Ancak salgının doğal seyir içerisinde beraberinde getirip götürecekleriyle beraber dünyanın kucağına kocaman bir kriz bıraktı. Oluşan kriz yapay faktörlerin sonucu değilse bile, dünyada kriz kurtlarının var olduğu ve yaşanacak olası krizleri fırsata çevirmek için adeta pusu kurdukları da bilinmektedir. Aynı zamanda “Krizleri yönetme” denen bir olgu da vardır. Haliyle kimileri krizlerle boğuşup büyük bedeller öderken, krizlerin kimi odakları ihya edebileceği de göz ardı edilmemelidir.
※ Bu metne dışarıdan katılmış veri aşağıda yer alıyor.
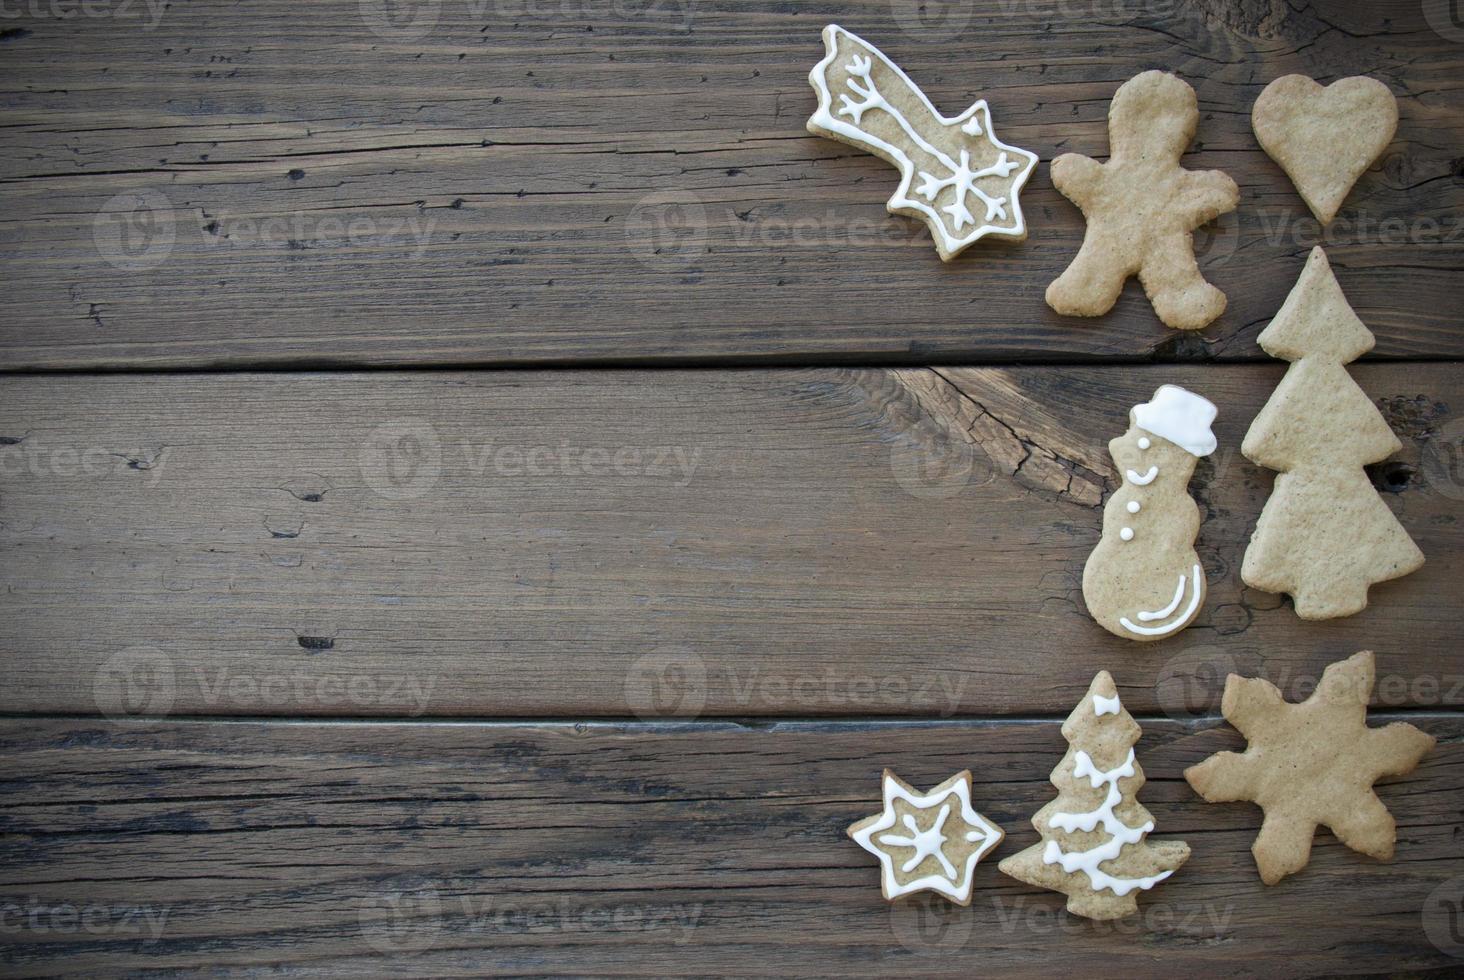 ingericht gemberbrood cookies op houten plank foto

Örneğin krizin yol açacağı insan ilişkileri ve bunun insanları ne şekilde yönetmek gerektiğine dair Roschild ailesinin “The Economist” dergisinin Mart başındaki kapağında yer alan “Resim”, kriz avcılarının insanın geleceğine bakışını özetleyen ilginç bir tasvir içermekteydi. Resimde köpeğin tasmasını elinde tutan insan kılıklı “Yönetici” ve yöneticinin yularını elinde tutan meçhul şahıs! Onlara göre birileri yönetici sıfatıyla tasmanın imkan vereceği kadar insana kontrollü bir alan oluşturacak, yönetici sıfatlılar da “Derin dünya” yönetiminin tasmasıyla hareket edecek!
Kriz avcıları günün sonunda plan ve emellerine ne kadar erişecek bilinmez. Ama kriz avcılarının da alın yazısını belirleyen ilahi iradenin mutlaka çizdiği bir alan, kurduğu bir plan vardır.
Her şeye rağmen dünyadaki mevcut düzen, sürdürülemeyecek bir noktaya gelmişti. Bu düzeni değiştirip yeni bir biçim vermek kaçınılmazdı. Geleceğin şekillenmesinde elbette imkan, beceri ve krizleri yönetme kabiliyetleri belirleyici olacaktır.